かかる構成により、ガントリー回転によるSOBPの一様度悪化を抑制し得るものとなる。
【0014】
(2)上記(1)において、好ましくは、前記荷電粒子ビーム発生装置は、患部に対する荷電粒子ビームの照射角を変える回転ガントリを備え、前記荷電粒子ビーム照射装置は、前記回転ガントリーの角度が変わっても前記レンジモジュレーションホイールへのビーム入射形状が変わらないように、前記レンジモジュレーションホイールの荷電粒子ビーム通過位置を、前記回転ガントリの角度に応じて変える制御手段を備えるようにしたものである。
【0015】
(3)上記(2)において、好ましくは、前記制御手段は、前記レンジモジュレーションホイールの回転位置に応じて、前記荷電粒子ビーム発生装置から発生する荷電粒子ビームのON/OFFを制御するようにしたものである。
【0016】
(4)上記(3)において、好ましくは、前記制御手段は、前記レンジモジュレーションホイールの回転中心と前記前記荷電粒子ビームの通過位置の距離をY1とするとき、前記回転ガントリの角度がθ変化した際に、前記レンジモジュレーションホイールを、荷電粒子ビーム進行方向に対して直交するX−Y平面内で、X軸方向に−Y1・sinθ移動し、Y軸方向に−Y1−Y1・cosθ移動するように、前記レンジモジュレーションホイールの位置を制御するようにしたものである。
【0017】
(5)上記(4)において、好ましくは、前記レンジモジュレーションホイール回転装置は、前記レンジモジュレーションホイールを回転駆動する第1の駆動源と、前記レンジモジュレーションホイールを移動する第2の駆動源とを備え、前記制御手段は、前記第2の駆動源を制御して、前記レンジモジュレーションホイールの位置を制御するようにしたものである。
【0018】
(6)上記(5)において、好ましくは、前記第2の駆動源は、前記レンジモジュレーションホイールを、荷電粒子ビーム進行方向に対して直交するX−Y平面内で、X軸方向に駆動する第1のモータと、Y軸方向に駆動する第2のモータとから構成されるものである。
【0019】
(7)上記(5)において、好ましくは、前記第2の駆動源は、前記レンジモジュレーションホイールを、荷電粒子ビーム進行方向に対して直交するX−Y平面内で、荷電粒子ビーム通過位置を中心にして回転するモータから構成されるものである。
【0020】
(8)上記(3)において、好ましくは、前記レンジモジュレーションホイールは、回転中心から半径方向に延びるとともに、周方向において階段状に配置され、前記荷電粒子ビームの通過厚みが異なる複数の平面領域を備え、前記荷電粒子ビームは、前記レンジモジュレーションホイールの前記平面領域を通過する部分において、楕円形状の断面形状を備え、前記制御手段は、前記回転ガントリの角度を変えた場合にも、前記荷電粒子ビームの長径方向と前記レンジモジュレーションホイールの径方向の位置関係が変わらないように、前記レンジモジュレーションホイールの荷電粒子ビーム通過位置を変えるようにしたものである。
【発明の効果】
【0021】
本発明によれば、ガントリー回転によるSOBPの一様度悪化を抑制できるものとなる。
【発明を実施するための最良の形態】
【0022】
以下、図1〜図6を用いて、本発明の第1の実施形態による粒子線治療装置の構成及び動作について説明する。
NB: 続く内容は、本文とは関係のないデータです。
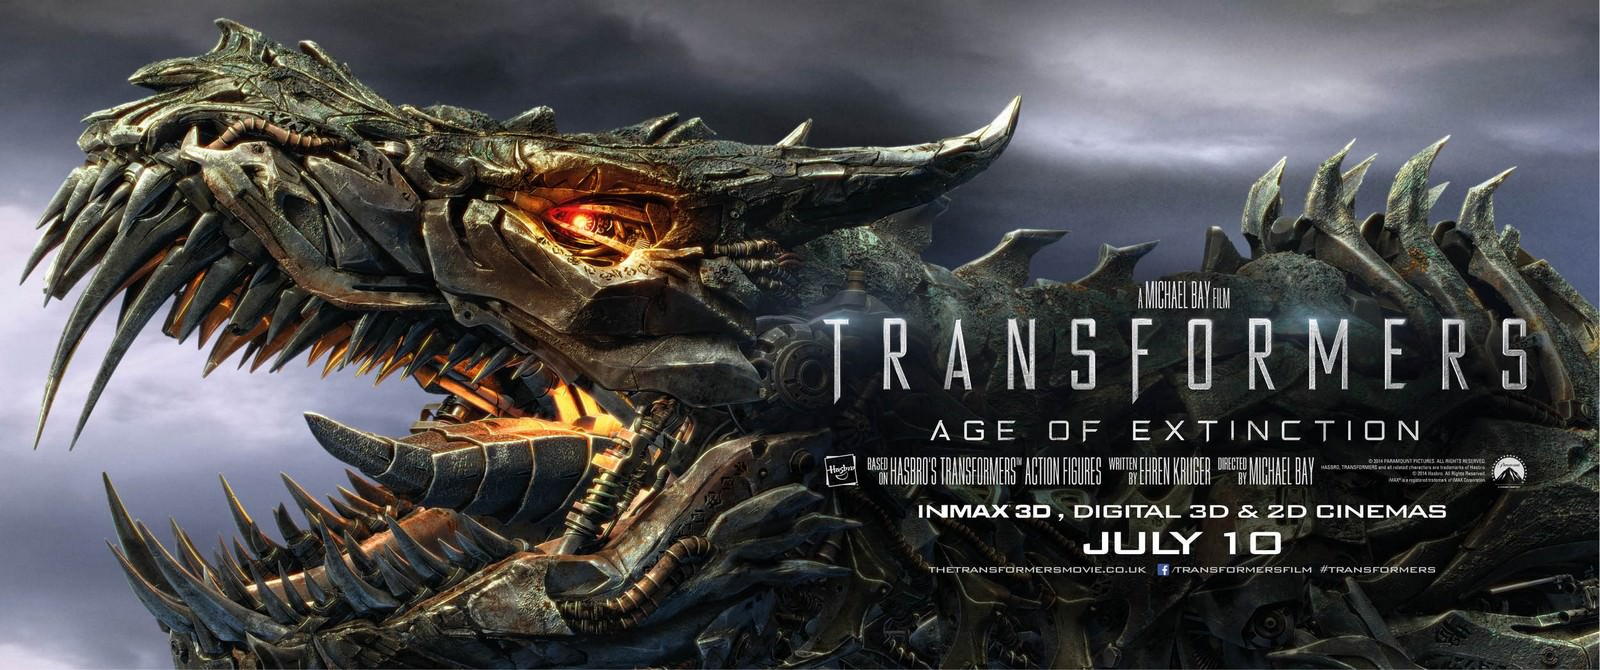 Movie, Transformers: Age of Extinction(美國, 2014年) / 變形金剛4:絕跡重生(台灣) / 变形金刚4:绝迹重生(中國) / 變形金剛:殲滅世紀(香港), 電影海報, 美國, 橫版

最初に、図1を用いて、本実施形態による粒子線治療装置の全体構成について説明する。
図1は、本発明の第1の実施形態による粒子線治療装置の全体構成を示すシステム構成図である。
【0023】
本実施形態の粒子線治療装置1は、荷電粒子ビーム発生装置2と、荷電粒子ビーム照射装置である照射野形成装置(荷電粒子ビーム照射装置)13を備える。荷電粒子ビーム発生装置2は、イオン源(図示せず)、前段加速器3及びシンクロトロン4を有する。イオン源で発生したイオン(例えば、陽子、または炭素イオン)は、前段加速器(例えば直線加速器)3で加速される。前段加速器3から出射されたイオンビーム(荷電粒子ビーム)はシンクロトロン4に入射される。このイオンビームは、シンクロトロン4で、高周波加速空胴5から印加される高周波電力によってエネルギーを与えられて加速される。シンクロトロン4内を周回するイオンビームのエネルギーが設定されたエネルギーまでに高められた後、出射用の高周波印加装置6から高周波が周回しているイオンビームに印加される。安定限界内で周回しているイオンビームは、この高周波の印加によって安定限界外に移行し、出射用デフレクタ7を通ってシンクロトロン4から出射される。イオンビームの出射の際には、シンクロトロン4に設けられた四極電磁石8及び偏向電磁石9等の電磁石に導かれる電流が設定値に保持され、安定限界もほぼ一定に保持されている。高周波印加装置6への高周波電力の印加を停止することによって、シンクロトロン4からのイオンビームの出射が停止される。
【0024】
シンクロトロン4から出射されたイオンビームは、イオンビーム輸送系10を経て照射野形成装置13に達する。イオンビーム輸送系10の一部である逆U字部11及び照射野形成装置13は、回転可能な回転ガントリー17に設置される。照射野形成装置13から治療台(ベッド)14に乗っている患者15の患部に照射される。
【0025】
治療計画装置100は、患部の位置や大きさに基づいて、治療計画を策定する。治療計画には、イオンビームの照射方向,照射量等の情報が含まれる。治療計画の情報は、照射制御装置110に送出される。照射制御装置110は、治療計画に基づいて、粒子線治療装置110の各部を制御する。具体的には、イオンビームの照射方向の情報に基づいて、照射制御装置110は、回転駆動装置120を用いて、回転ガントリー17を回転させ、イオンビームの照射方向を変える。回転ガントリー17の回転角度は、例えば、0度〜360度[情2]である。また、照射量の情報に基づいて、照射制御装置110は、出射用デフレクタ7のオン・オフを制御する。
【0026】
さらに、本実施形態においては、照射制御装置110は、回転ガントリー17の回転角度、照射野形成装置13の内部のRMW装置(レンジモジュレーションホイール回転装置)のイオンビームが当たる位置を制御している。なお、[情3]RMW装置(レンジモジュレーションホイール回転装置)の詳細構成については、図2以降を用いて後述する。また、照射制御装置110は、RMW装置(レンジモジュレーションホイール回転装置)の回転角度に同期して、出射用デフレクタ7のオン・オフを制御する。
【0027】
次に、図2を用いて、本実施形態による粒子線治療装置1に用いられる照射野形成装置13の構成について説明する。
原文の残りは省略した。